Indiana Pacers Pushing to Make Surprising Appearance in 2015 NBA Playoff Race
The Indiana Pacers are within striking distance of a playoff spot, which is a huge surprise given the litany of injuries they've faced so far this season.
Whether or not pushing for that playoff spot is in their best long-term interests is beyond the point.
Bob Kravitz of USA Today reported on an August press conference right after Paul George's season-ending injury, where Larry Bird explicitly stated that making the playoffs was still the plan, saying, "Have our expectations lowered any? I don't think so. I think we'll compete hard and do our best to make the playoffs; that's always one of our goals. I can sit up here and sugarcoat it all you want me to, but you just can't replace Paul George."
The Pacers are going to make a push, and they're close enough to get there.
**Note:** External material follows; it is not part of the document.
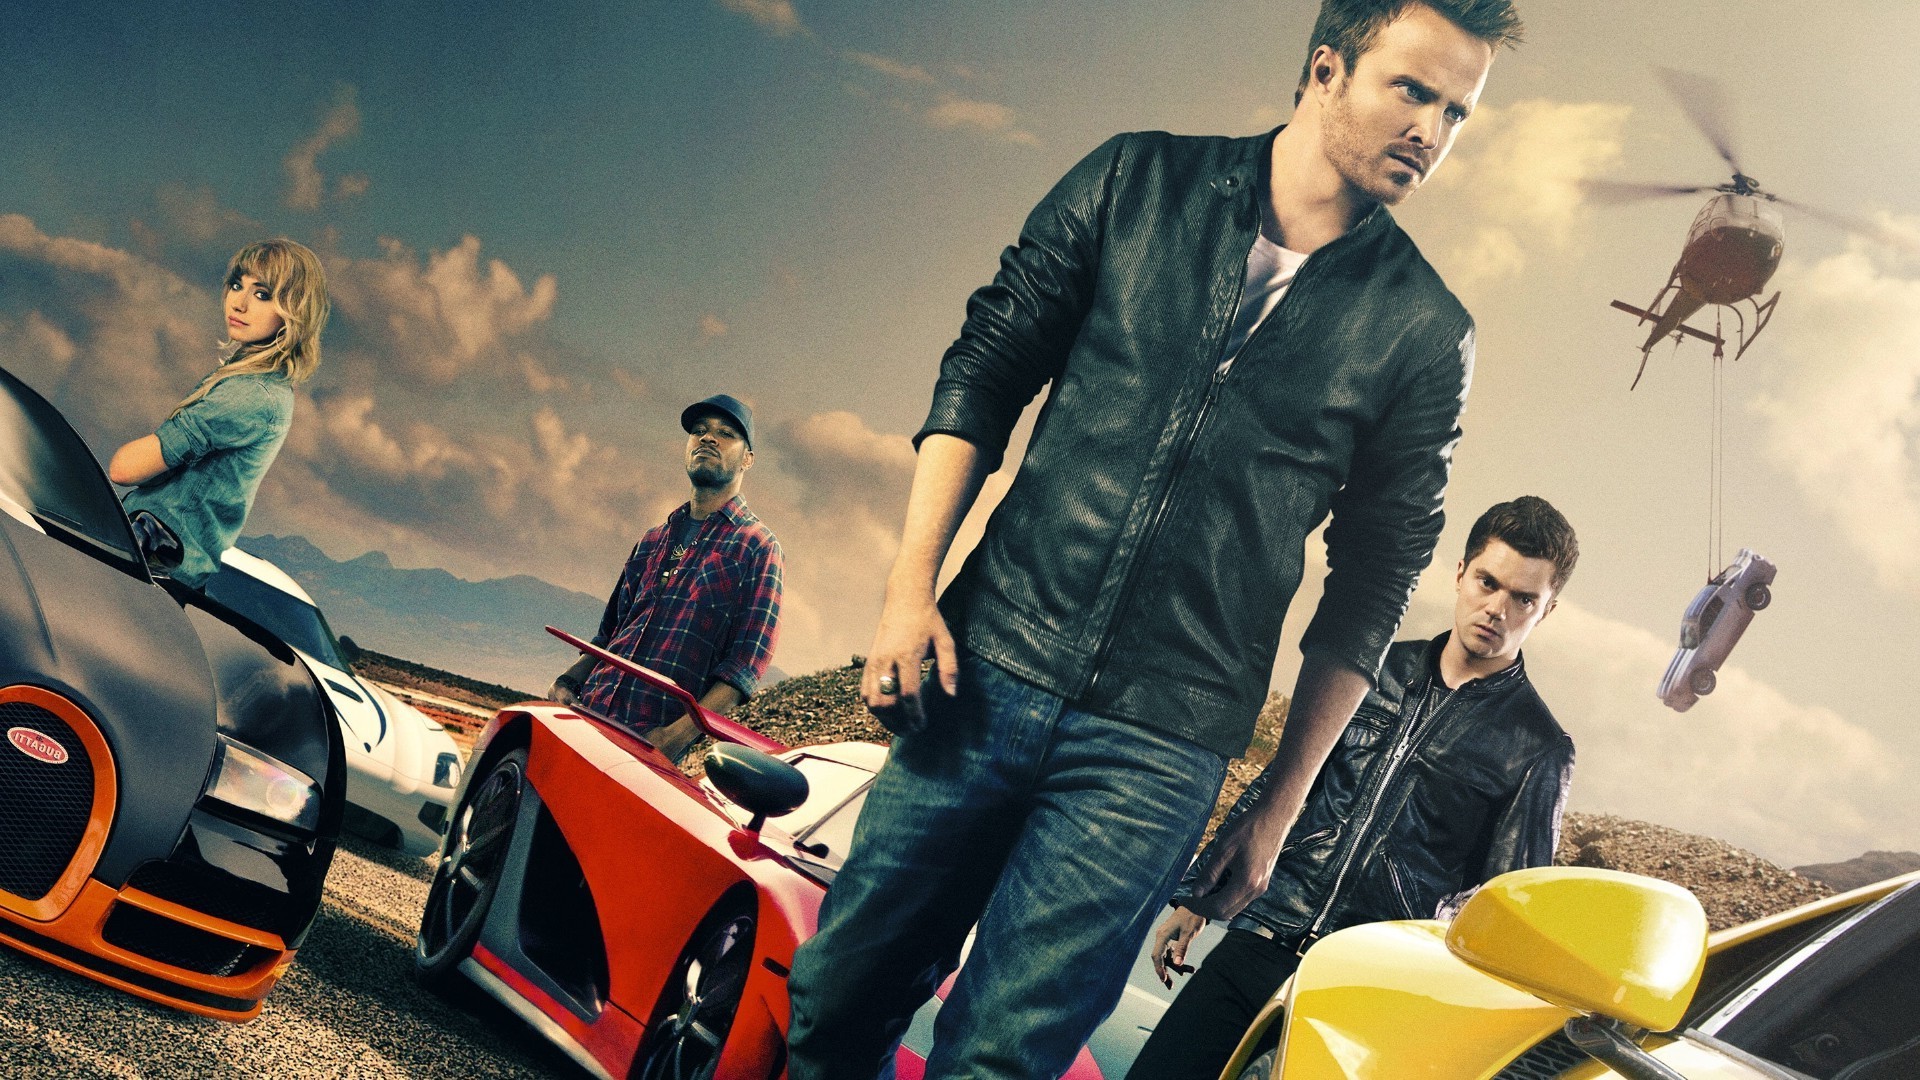 Need for speed 2 movie noredchecks

It seems crazy making that statement about a team 13 games under 0.500 with the second-worst offense in the league, according to NylonCalculus.com (using NBA.com stats). But Indiana plays in the magically terrible Eastern Conference, a land where literally anything can happen.
Just past the halfway point in the season, Indy's just 3.5 games behind the Brooklyn Nets for the eighth and final playoff spot in the east.
There are a few different factors working in the Pacers' favor as they push for the postseason. The first is that they have been playing much better than they were earlier in the season. This graph shows a rolling five-game average of the Pacers' net rating this season.
The huge slide at the end is the result of two enormous blowouts—a 15-point loss to the Golden State Warriors on January 7 and a 19-point loss to the Atlanta Hawks on January 21. Those two losses bookend a two-week stretch where the Pacers lost seven of eight games.
That slide is troubling and currently the team's momentum is pushing them away from the playoffs. But immediately before that two-week stretch, the Indiana had gone 7-5 since the middle of December.
Obviously, making the playoffs will require another turnaround, but it is promising that the Pacers were already able to work themselves out of an enormously sluggish start to the season.
Another positive factor for an Indy playoff push is that they've already cleared the most difficult stretch in their schedule. This next graph shows a rolling five game-average of their opponents' net rating, and includes both games they've already played, as well as games yet to be played.
The Pacers have played 44 games to this point. From now to the end of the season, most of their schedule sits below the horizontal axis, meaning they'll be playing groups of teams that, on average, have a negative point differential.
Of their 38 remaining games, 22 will be played at home. They also have eight more games against the four Eastern Conference teams immediately ahead of them in the standings—the Miami Heat, Detroit Pistons, Brooklyn Nets and Charlotte Hornets.
Current struggles notwithstanding, Indiana has figured some things out since the beginning of the season and their schedule is beginning to bend in a more and more favorable direction. The Pacers will have plenty of opportunities to fight their way in, and a healthy contingent of players could really make the difference.
The returning starters—Roy Hibbert, David West and George Hill—have played just 63 minutes together this season, according to NBA.com. The projected starting lineup coming into the season—those three plus Rodney Stuckey and C.J. Miles—have not played a single minute together yet. The number of games missed by those five players, plus backup point guard C.J. Watson is staggering:
| Player | Games Missed |
|---|---|
| George Hill | 39 |
| C.J. Watson | 18 |
| David West | 15 |
| C.J. Miles | 9 |
| Rodney Stuckey | 8 |
| Roy Hibbert | 4 |
If you look at that same chart but add a column for their box plus-minus from last season (a box score-based estimate of total impact in points per 100 possessions), you can see just how much the Pacers have been missing this year, per Basketball-Reference.com.
| Player | Games Missed | Box Plus-Minus |
|---|---|---|
| George Hill | 39 | +2.2 |
| C.J. Watson | 18 | +0.5 |
| David West | 15 | +1.8 |
| C.J. Miles | 9 | +0.5 |
| Rodney Stuckey | 8 | -4.0 |
| Roy Hibbert | 4 | -0.1 |
Stuckey was mostly a disaster last year, and we all know about Hibbert's dramatic decline. But the Pacers have missed a combined 81 games from Hill, Watson, West and Miles; all reliably positive contributors from last season that they were counting on in big ways.
According to The Indianapolis Star's Candace Buckner (h/t Indy Cornrows' Tom Lewis), Hill is reportedly close to a return, and the rest of the rotation has been inching toward health as well. If they can ever catch a break and get everyone on the floor at the same time, we might finally see the full capabilities of this team.
The Pacers have not been good this season, but they also haven't been bad enough to eliminate themselves from the playoff picture. In short, they have survived.
Indiana will have to do much more and play much better to actually make the playoffs.
But some of the external factors that have been slowing them down could finally be breaking in their favor.